Source data Block Start

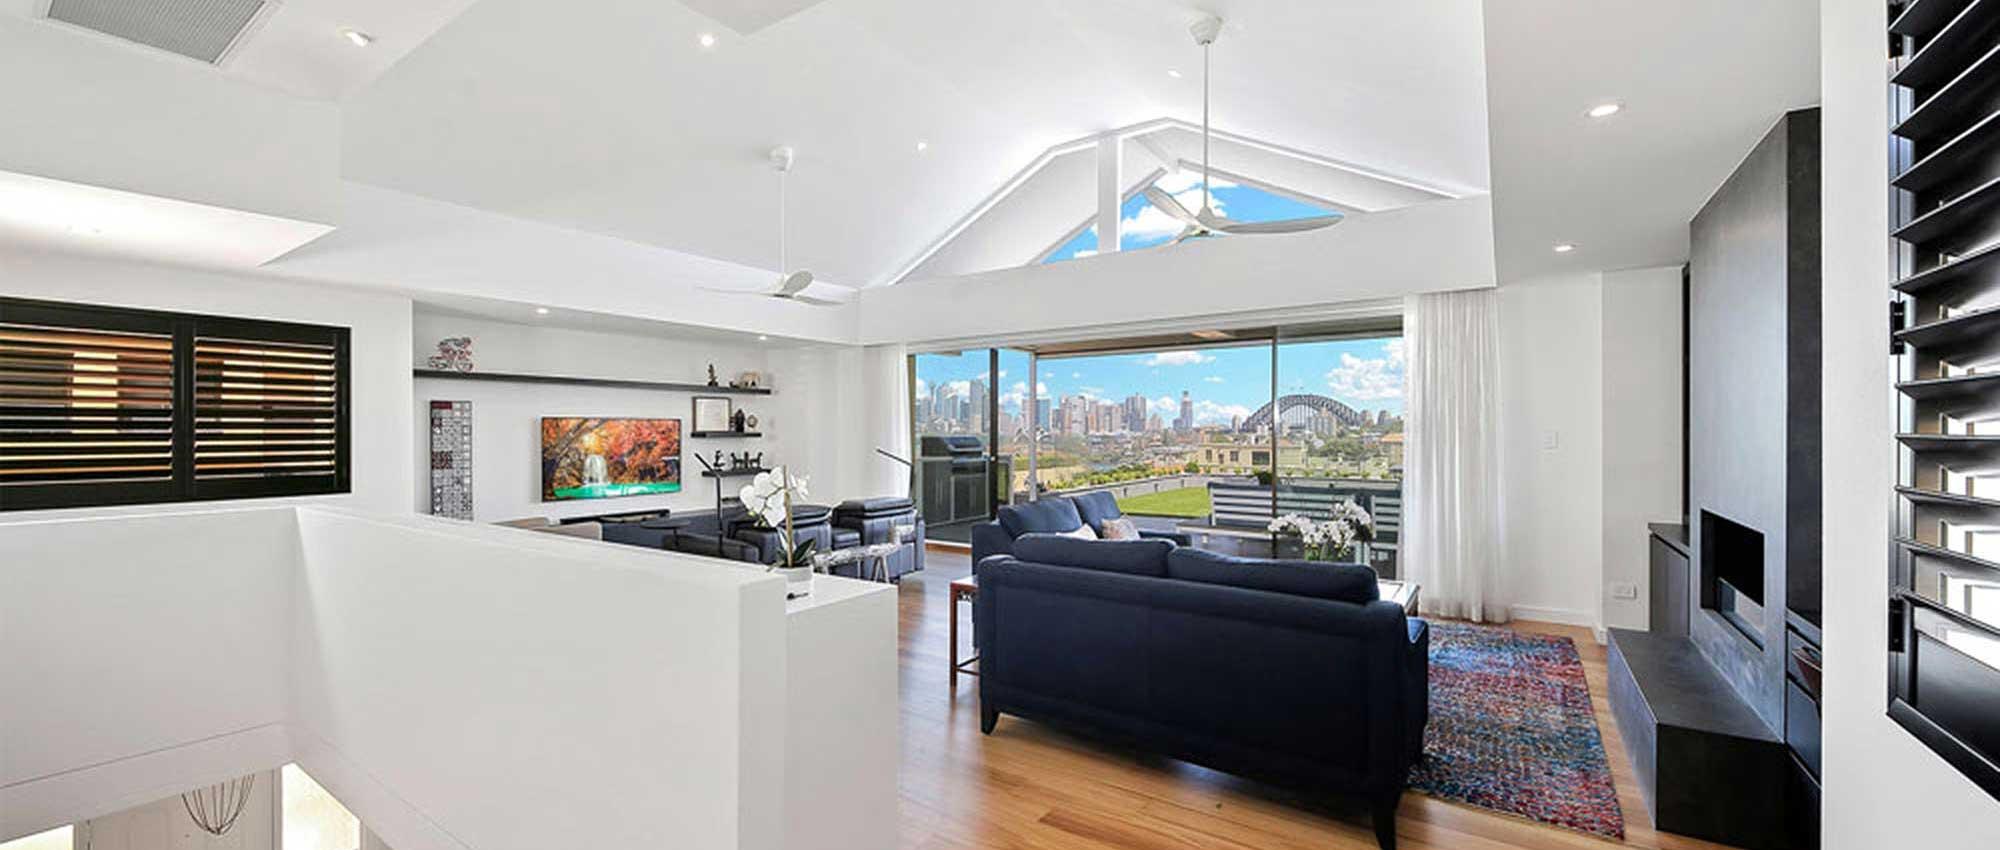 Bumph and Scumble Interior Design Sydney
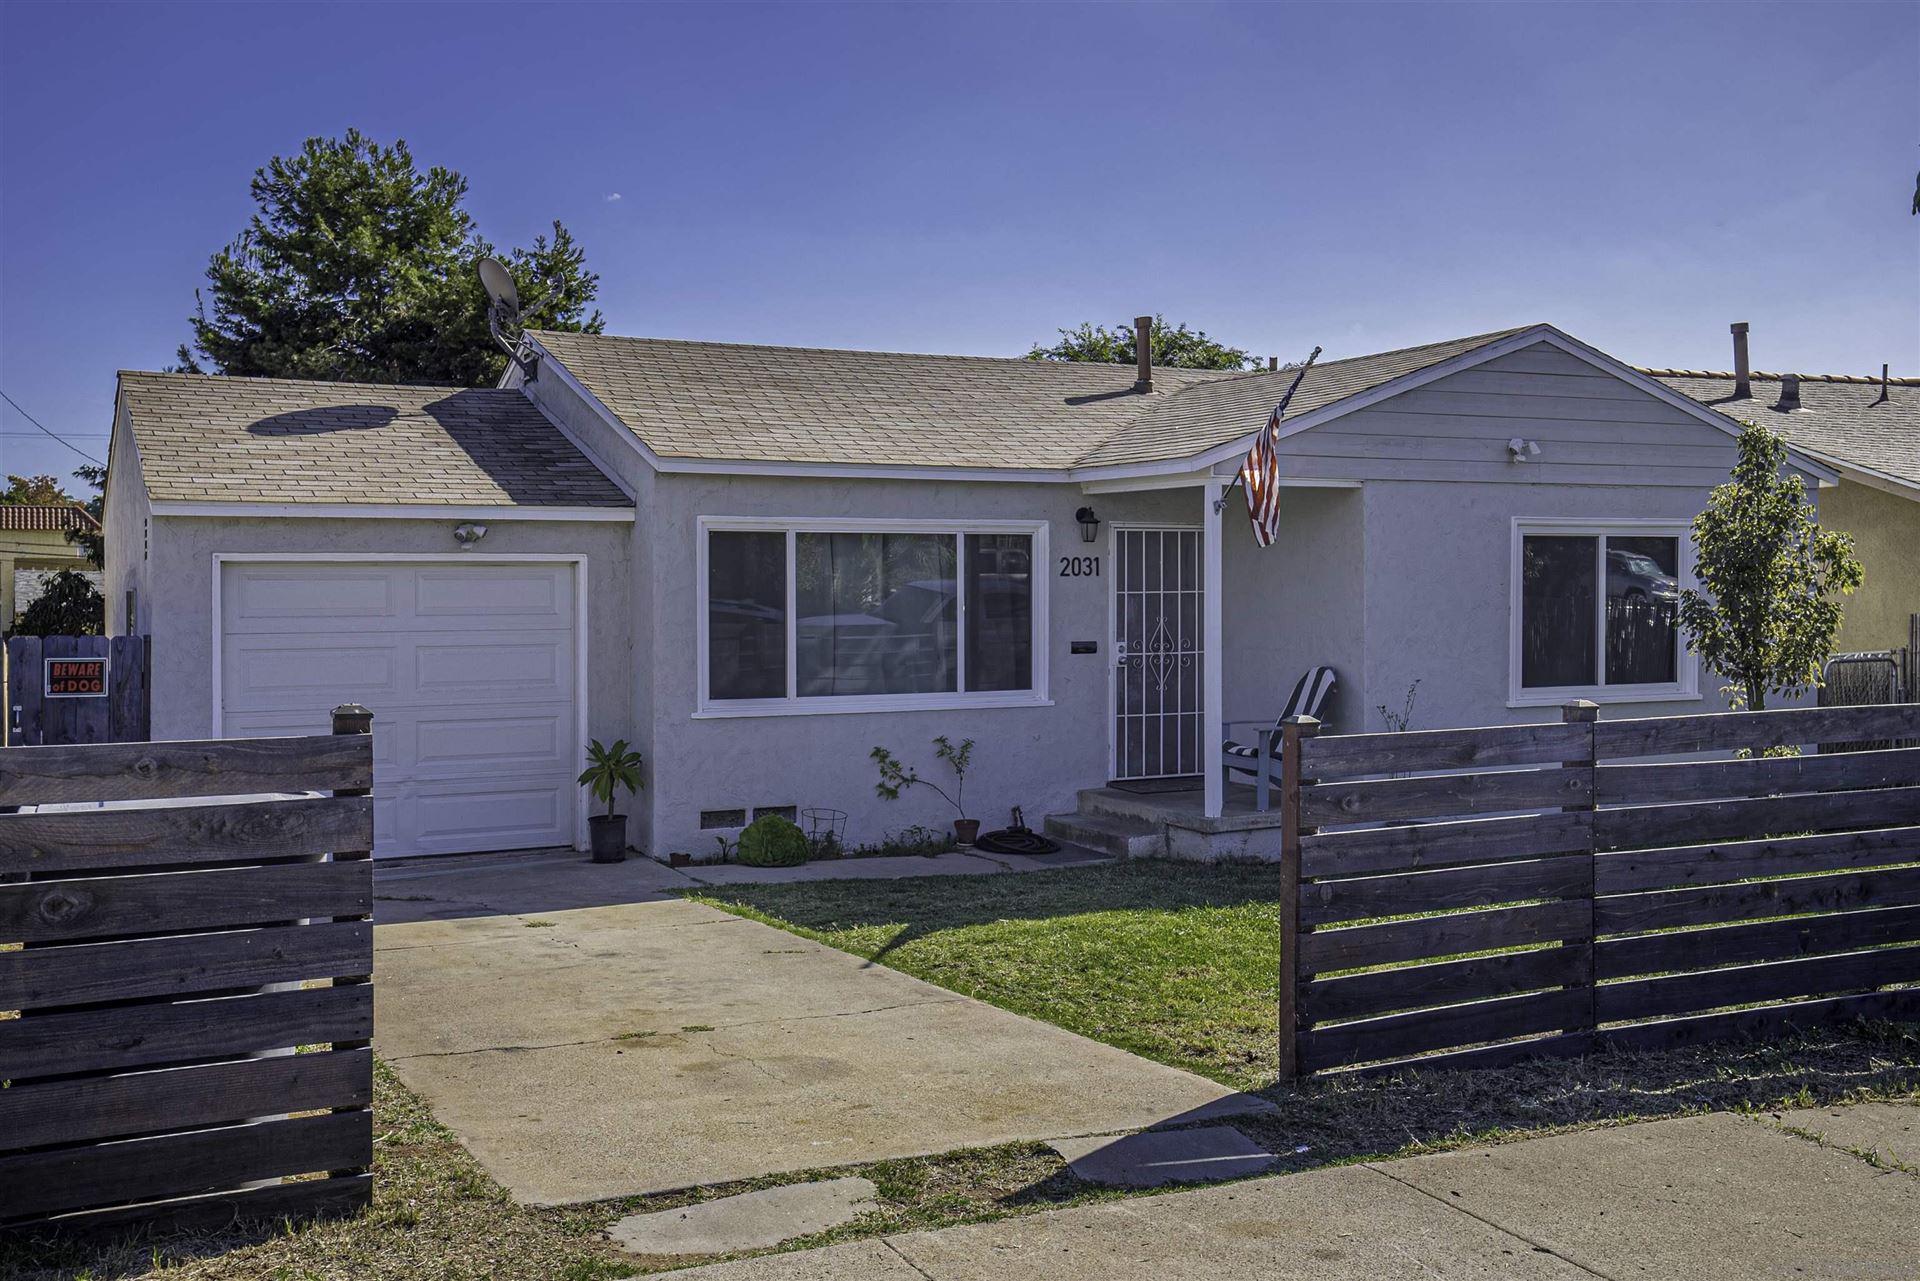 2031 K Ave, National City, CA 91950 - #: 210029363
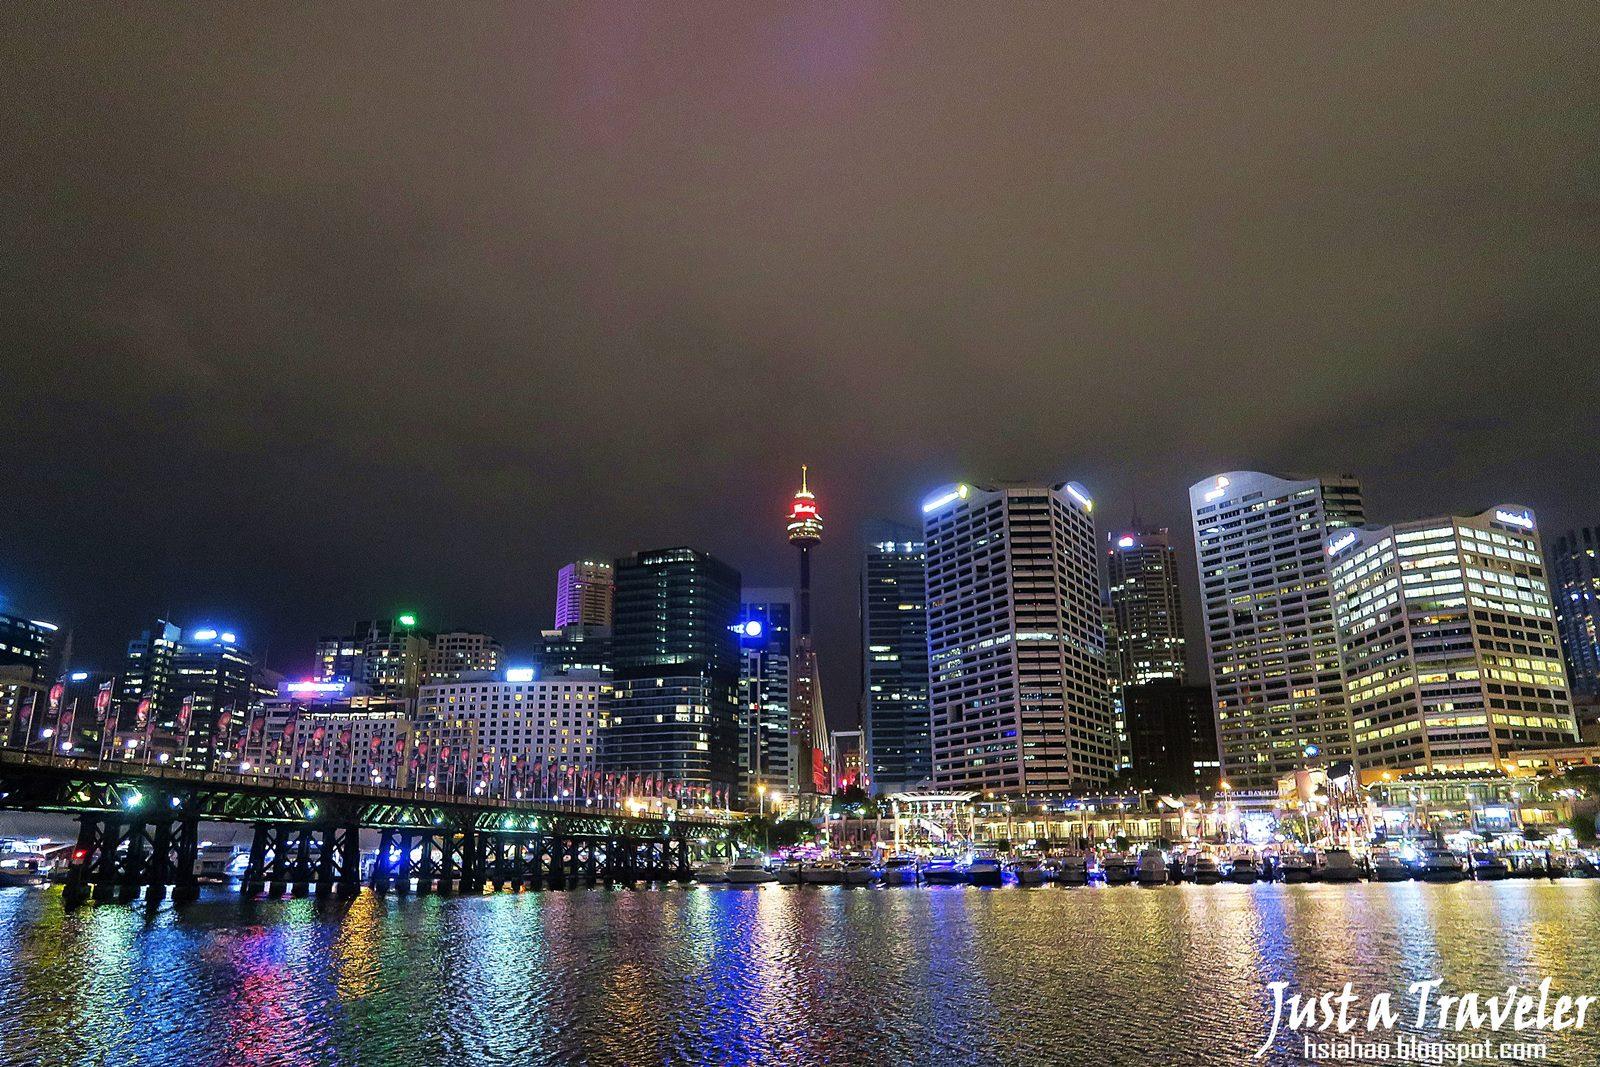 雪梨-景點-推薦-達令港-夜景-情人港-自由行-行程-旅遊-澳洲-Sydney-Darling-Harbour-Tourist-Attraction-Travel
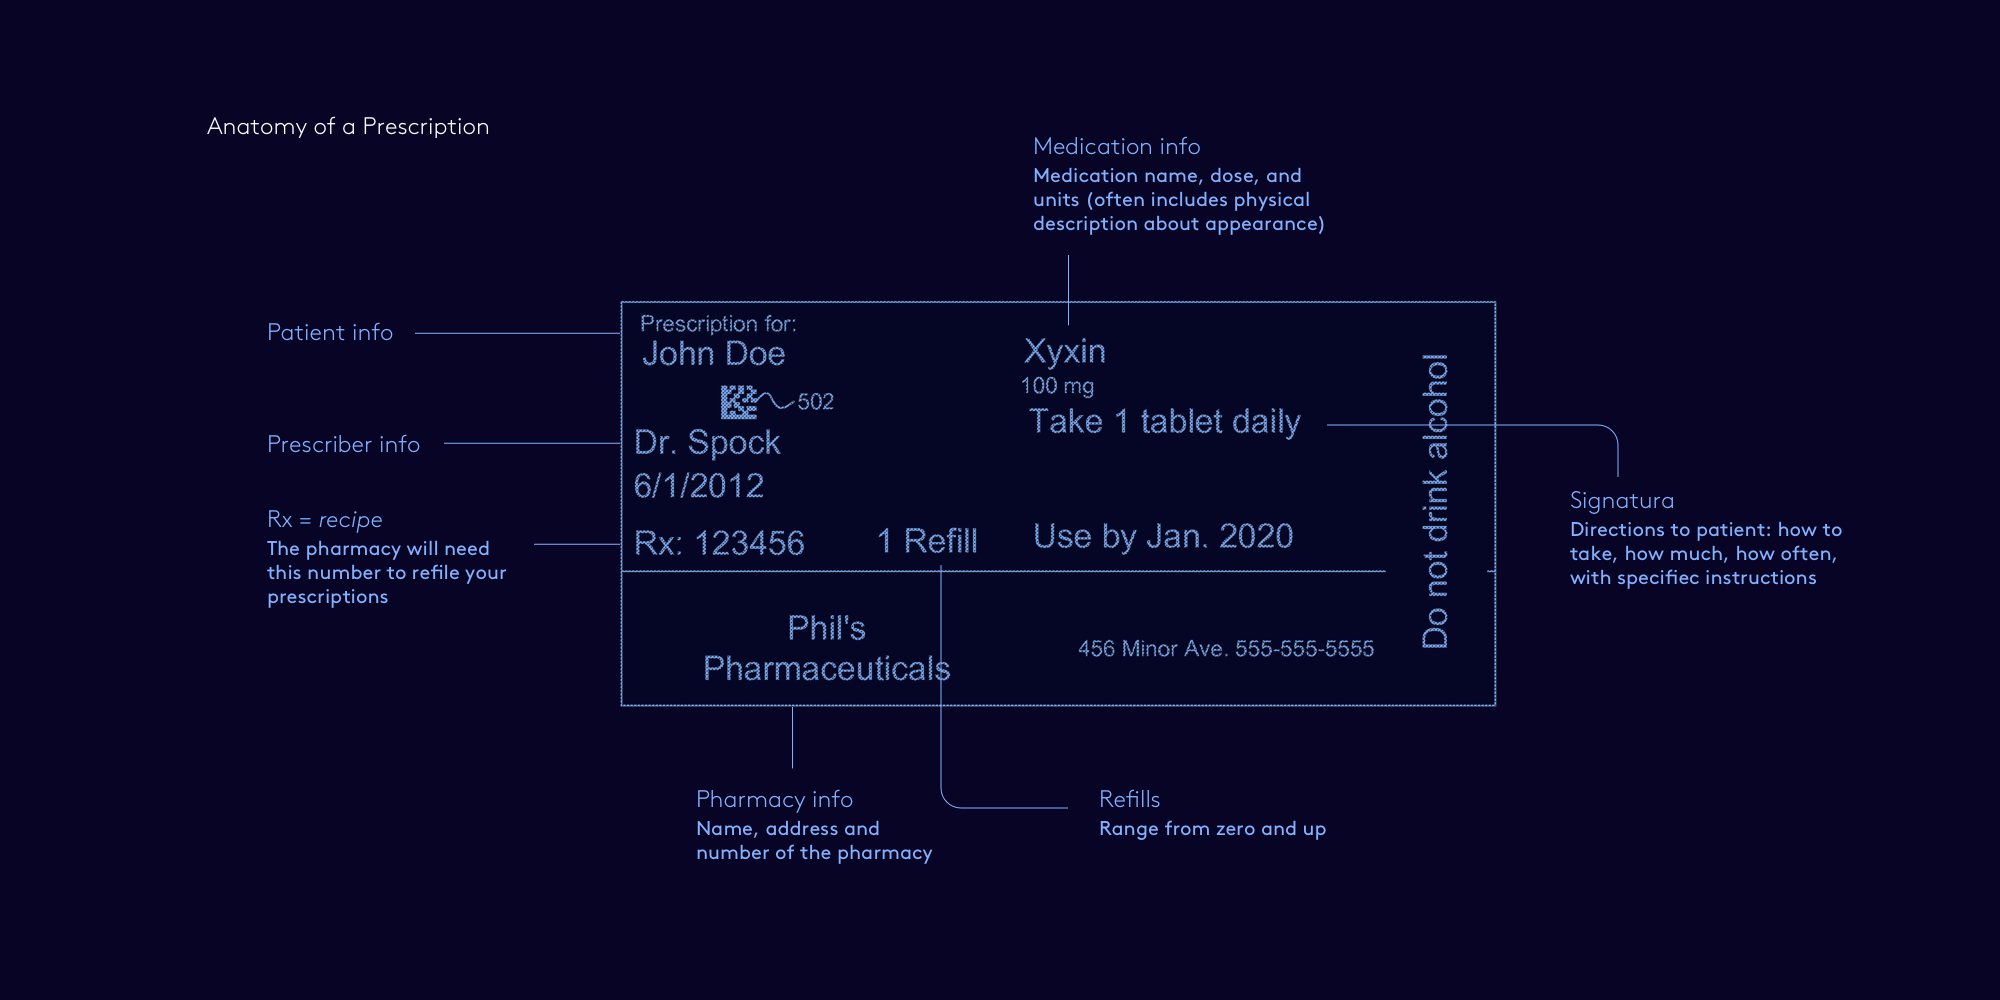 myrx-prescription-2

Source data Block End

» Goal of the exercise: Exclude every picture, then reproduce the remaining data character for character.

» Answer area:
 Bumph and Scumble Interior Design Sydney
 2031 K Ave, National City, CA 91950 - #: 210029363
 雪梨-景點-推薦-達令港-夜景-情人港-自由行-行程-旅遊-澳洲-Sydney-Darling-Harbour-Tourist-Attraction-Travel
 myrx-prescription-2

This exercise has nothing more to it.